Though usually not life-threatening, MEN1 does require medication or specialized surgery to remove the tumors and continued medical monitoring. The incidence of familial MEN1 is unknown, but is estimated between 1 in 10,000 to 1 in 100,000. Sporadic parathyroid tumors are far more common, estimated at one in a thousand post-menopausal women.
How does the MEN1 gene cause tumors?
Individuals with the inherited form of the disorder receive an altered gene from one parent, which effectively destroys its function. For a while they develop no health problems because they still have a normal copy of the gene from the other parent. Then, apparently on a random basis, certain body cells acquire a second "hit" that knocks out the normal copy, which triggers overt neoplasia in those cells. The delayed appearance of MEN1 until the 20s or later may reflect the time it takes to acquire those mutations in the normal gene. Scientists speculate that in sporadic tumors both normal copies of the gene become mutated, leading to tumor formation.
How was the MEN1 gene discovered?
Identification of MEN1 is an example of positional cloning. Using positional cloning, scientists are able to identify a gene--even though they are unaware of its function--so long as they know its approximate location. To date, more than 75 disease genes have been identified using positional cloning.
The final phase of the search for MEN1 began in 1994 when Drs. Francis Collins and Settara C. Chandrasekharappa, experts in physical mapping and positional cloning, began collaborating with NIDDK's Drs. Stephen Marx and Allen Spiegel, who had been studying the disease for decades, in an attempt to find the responsible gene.

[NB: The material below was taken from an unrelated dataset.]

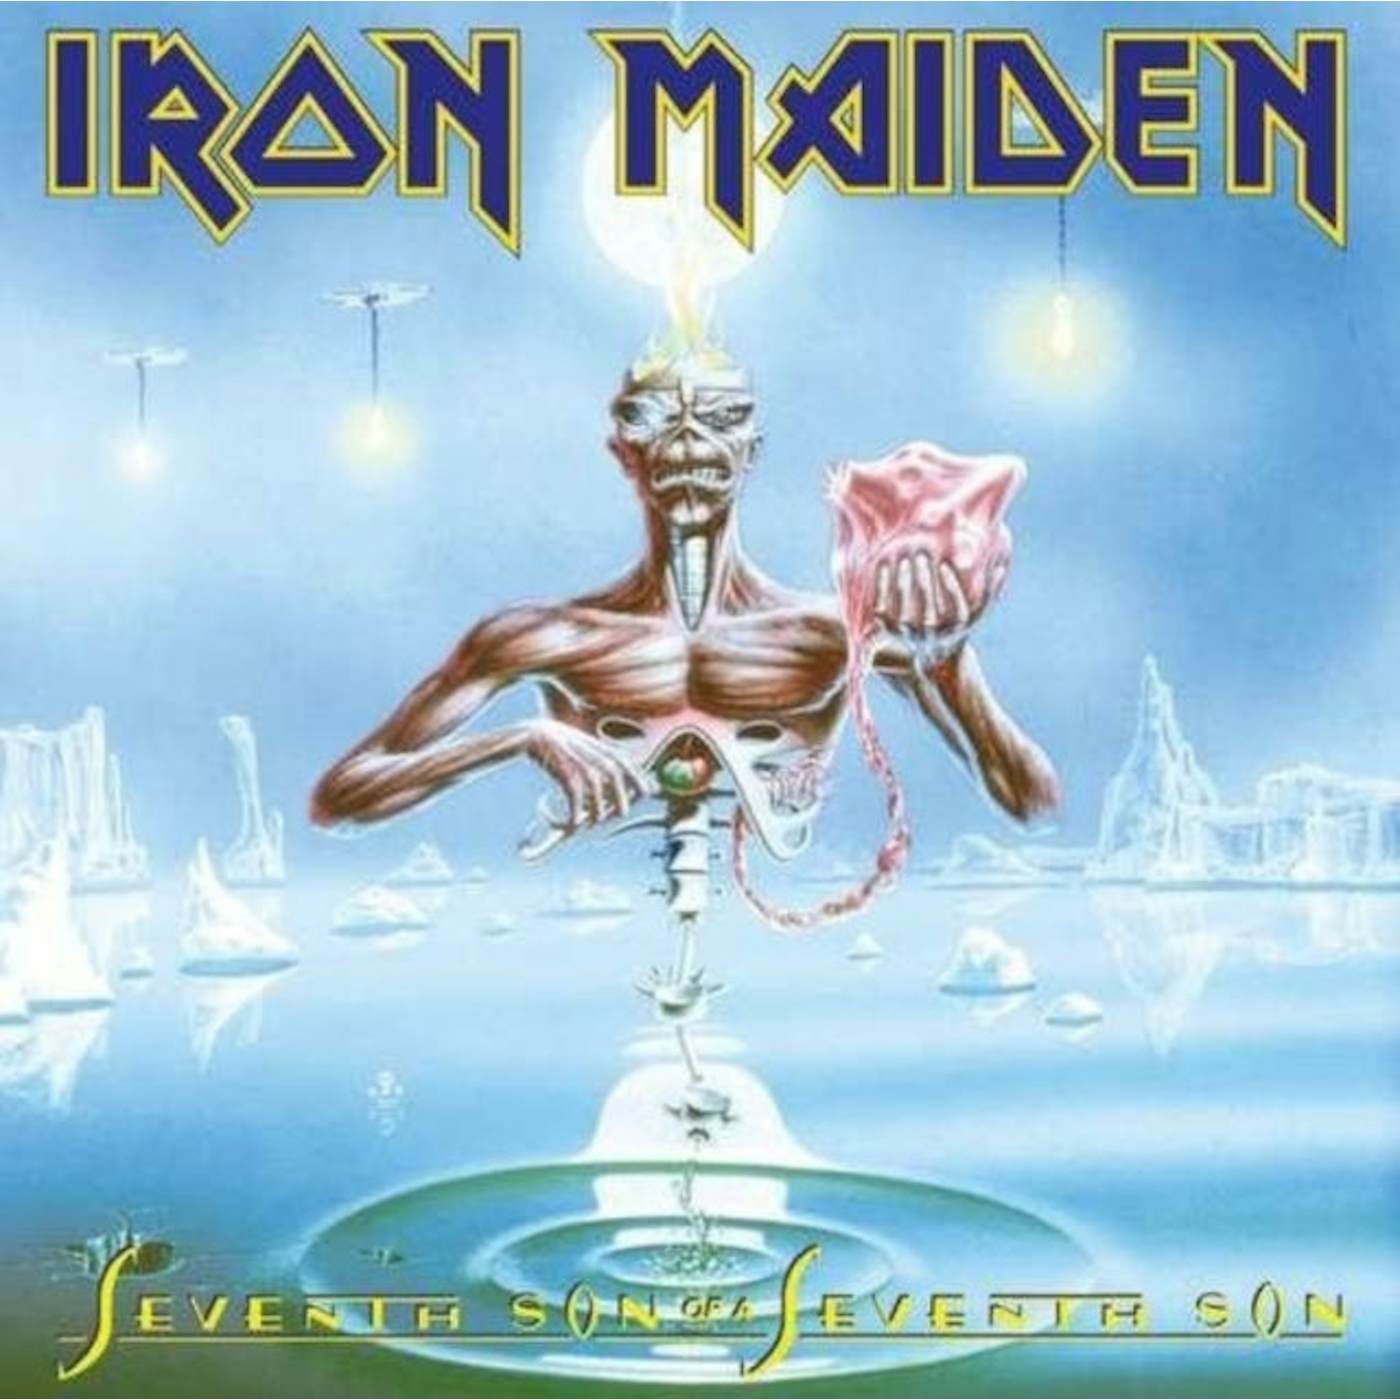 Iron Maiden LP Vinyl Record - Seventh Son Of A Seventh Son

In 1988, researchers at the Karolinska Institute in Stockholm traced MEN1 to the long arm of chromosome 11, and Marx had confirmed the location the following year. Research groups around the world searched for the gene fruitlessly for several years thereafter. NIH researchers undertook a painstaking examination of DNA samples from several MEN1 families collected by NIDDK, and in 1994 began putting together a detailed physical map of the region that consisted of overlapping DNA fragments systematically assembled in their correct order. They carefully eliminated nearly a dozen candidate genes in the region, aided by scientists at the National Cancer Institute who helped narrow the candidate interval by elegant microdissection of tumors.

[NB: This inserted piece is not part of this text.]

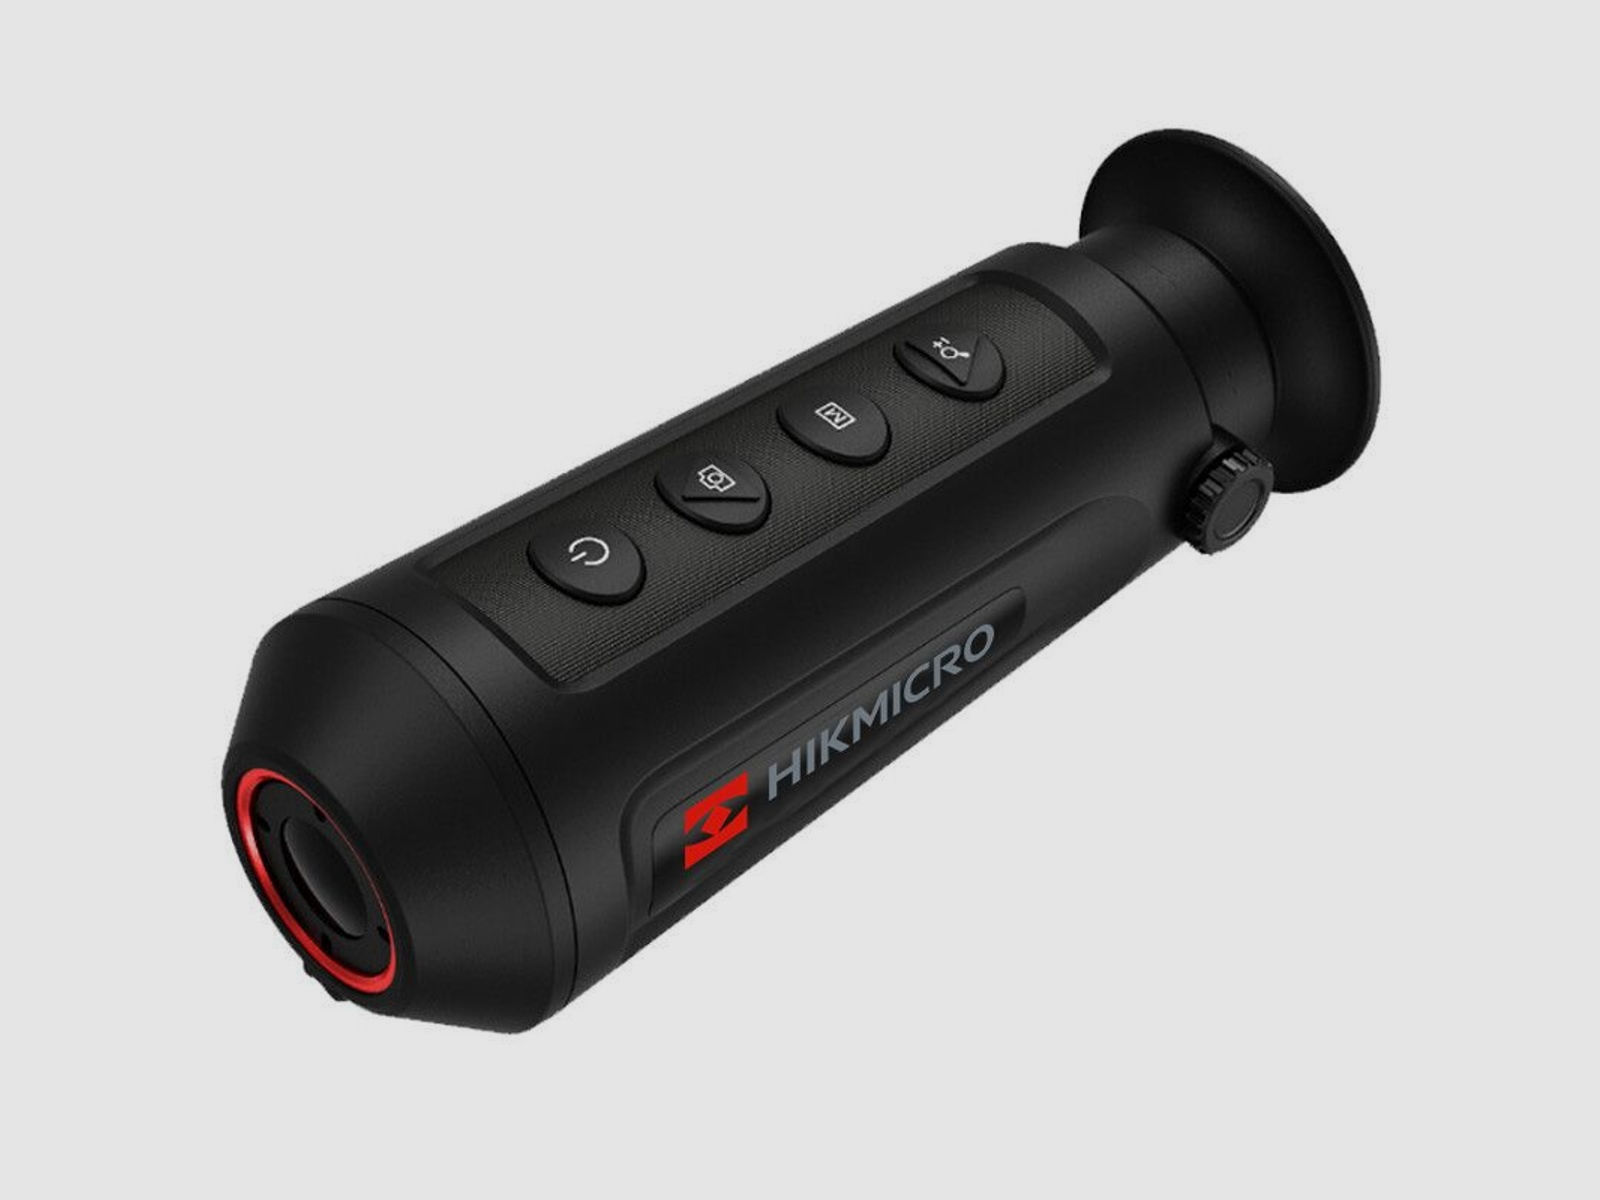 Hikmicro Lynx Pro LH15 Wärmebildkamera

After targeted DNA sequencing by scientists at the University of Oklahoma, Dr. Marx and colleagues were able to locate one gene--the 12th they examined--that contained mutations only in affected family members. The Science paper reports that the researchers were able to identify 12 different mutations in 14 of the 15 families studied. The National Center for Biotechnology Information at the National Library of Medicine analyzed sequence data and found that the MEN1 protein product, menin, resembles no other protein in its databases.

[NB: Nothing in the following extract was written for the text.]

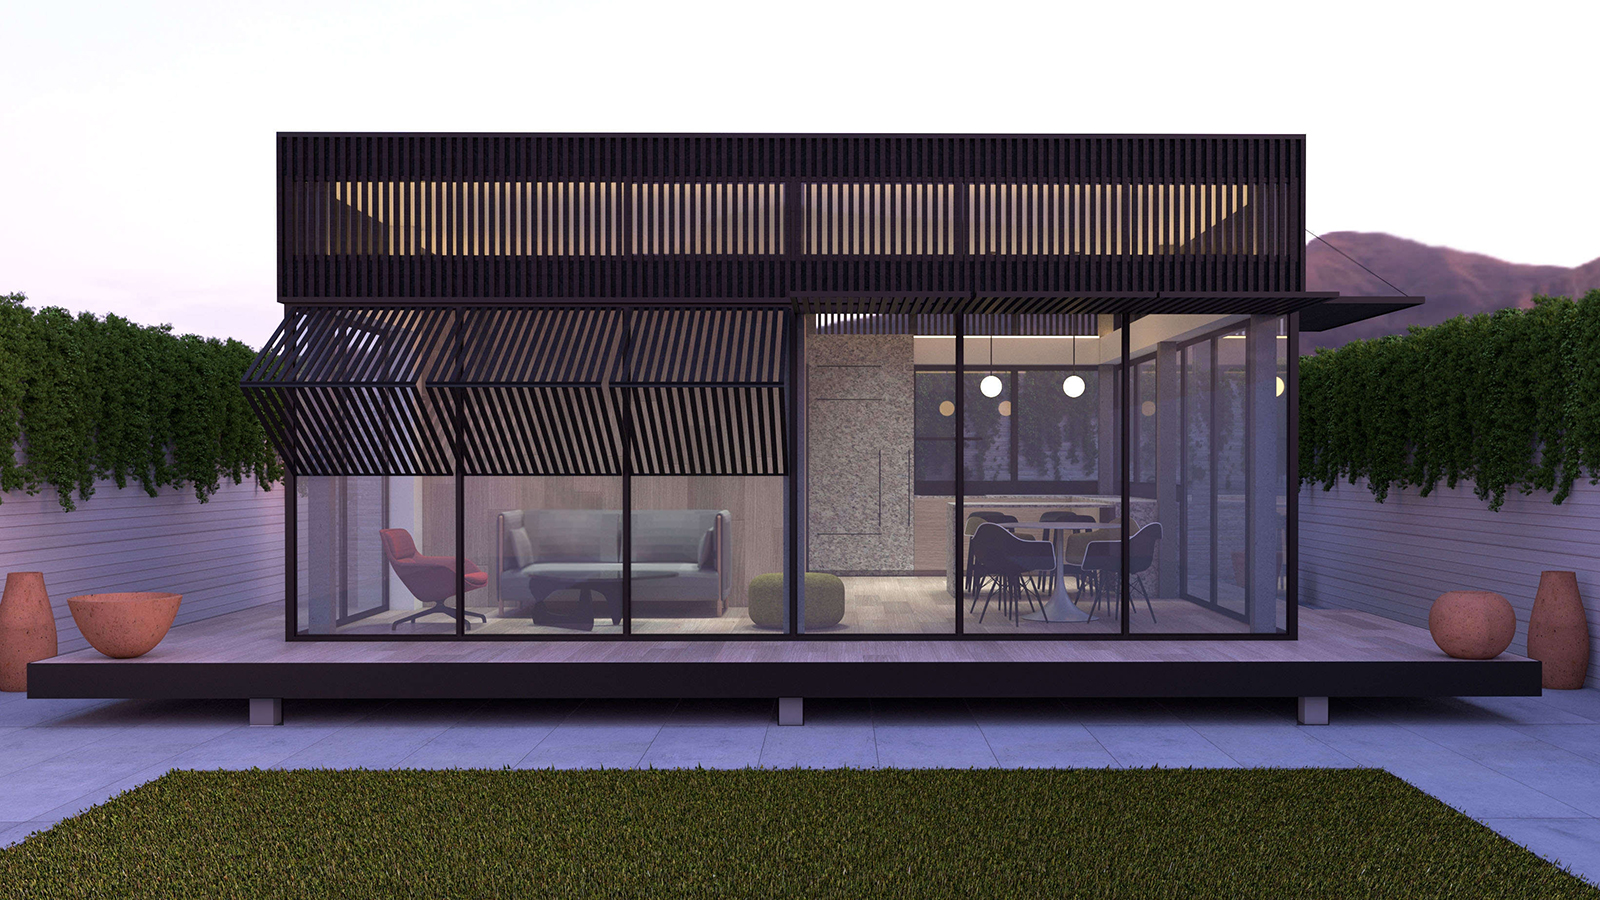 The YB1 LivingHome prefab house - a flexible accessory dwelling unit

How will identification of the gene help patients?
The ability to test directly for MEN1 will relieve the minds of those members of familial MEN type 1 families who haven't inherited an abnormal MEN1 gene and therefore run no special risk of developing endocrine tumors. For those who do possess an abnormal gene, focused screenings can be done in an effort to prevent some of the serious consequences of the disease. Having the gene and its protein in hand may lead to new drugs and other strategies for dealing with both MEN1 and sporadic endocrine tumors and, the researchers hope, perhaps tumors in other organs as well.
Researchers at the NIH have already launched the next phase of their research into this novel gene and its apparently unique protein; they are investigating whether altered MEN1 genes are found in sporadic endocrine tumors and other tumors as well. In addition, researchers hope to learn the gene's precise function by studying where it is located in cells and with what genes it interacts. They are also making knockout mice lacking MEN1 function, in an attempt to create a mouse model of the disease that will speed clinical studies.